# Companion Show, Notts 25th Sept



## Tanya1989 (Dec 4, 2009)

Fun Dog Show 

We will be holding our very popular 2nd Fun Dog Show of the Year once again at our local regular venue of the Griffin's Head Public House in Papplewick, Notts.
The show will be in aid of the Pet Blood Bank.

The date is the 25th September, so book us in your diary, with booking in at 10.30am and classes hope to start around noon.

Food will be on sale at the Griffin's, if you wish to bring a picnic please do so but dont forget your chairs and please remember this is an outdoor show venue.
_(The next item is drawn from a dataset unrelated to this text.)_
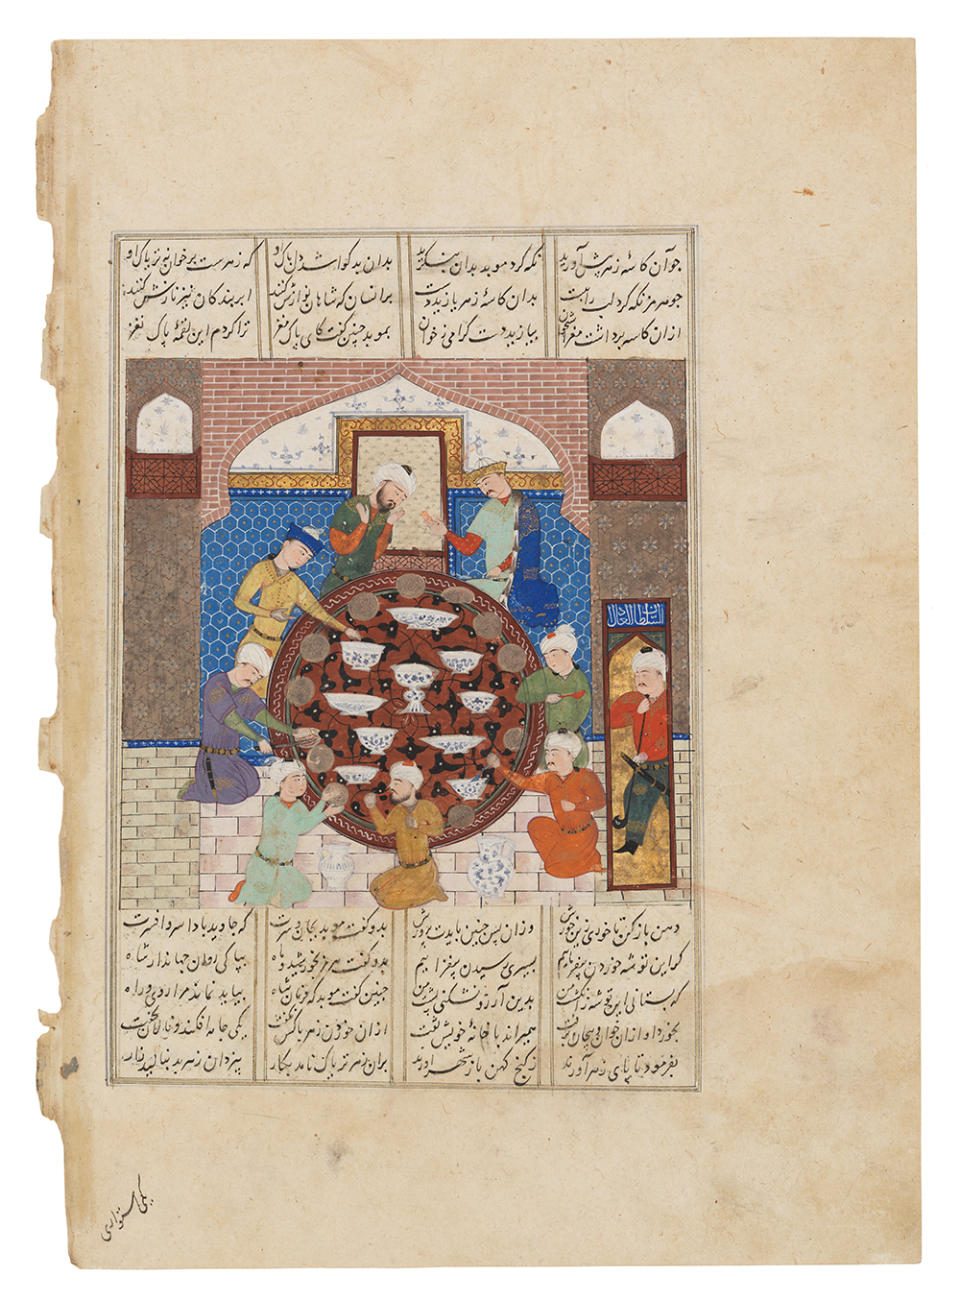 The Poet 'Ata'i Talking to a Learned Man in a Tavern by Atai (Walters MS 666)

There will be microchipping on the day, Bronze Good Citizen testing, stalls, Tombola and raffles.
We look forward to seeing you all for a great day out Fun Dog Showing.

Schedule

Entry Form

If you have any stalls we would love for you to come along too. Please see me for details

Tanya


----------



## hawksport (Dec 27, 2009)

Might have a drive up to that


----------



## Tanya1989 (Dec 4, 2009)

You'll have to look out for me. Going dogless, but will be in a bright blue wheelchair with a *** on and pint in other hand lol :001_cool:


----------



## hawksport (Dec 27, 2009)

Tanya1989 said:


> You'll have to look out for me. Going dogless, but will be in a bright blue wheelchair with a *** on and pint in other hand lol :001_cool:


Will do, I like classy women


----------



## archielee (Jan 30, 2009)

I will try to come but its bit far away but it would be nice to meet you hun


----------



## Steve's GSP's (Sep 18, 2010)

Ill see you there Tanya, make sure youve got plenty of **** though.


----------



## Tanya1989 (Dec 4, 2009)

Hehehe, lol.... Will you be hiding???


----------



## Tanya1989 (Dec 4, 2009)

hawksport said:


> Will do, I like classy women


Have never been accused of that lol 



archielee said:


> I will try to come but its bit far away but it would be nice to meet you hun


I'll come down next time you have a litter and play with pups


----------



## trenty82 (Aug 18, 2010)

We'll be there!


----------



## Tanya1989 (Dec 4, 2009)

Look forward to seeing you all there... always a great day


----------



## CarolineH (Aug 4, 2009)

Sounds great. Hopefully I will be able to come along.


----------



## Tanya1989 (Dec 4, 2009)

Would love to see you there


----------



## Tapir (Mar 20, 2010)

god I have to get driving! i'll try to make it


----------



## hawksport (Dec 27, 2009)

Going to print some schedules off and see if I an get a few from class up there.


----------



## Tanya1989 (Dec 4, 2009)

That will be great


----------



## Steve's GSP's (Sep 18, 2010)

Early to bed as big day tomorrow Tanya. Im out of the closit now so no hiding tomorrow...lol. Look forward to seeing everyone. Steve xxx


----------



## Tanya1989 (Dec 4, 2009)

Steve's GSP's said:


> Early to bed as big day tomorrow Tanya. Im out of the closit now so no hiding tomorrow...lol. Look forward to seeing everyone. Steve xxx


Hahaha lol... No need to use me as your cover now 

Have loads to tell you on the morrow.... been to London consultant today


----------



## hawksport (Dec 27, 2009)

How did your show go yesterday?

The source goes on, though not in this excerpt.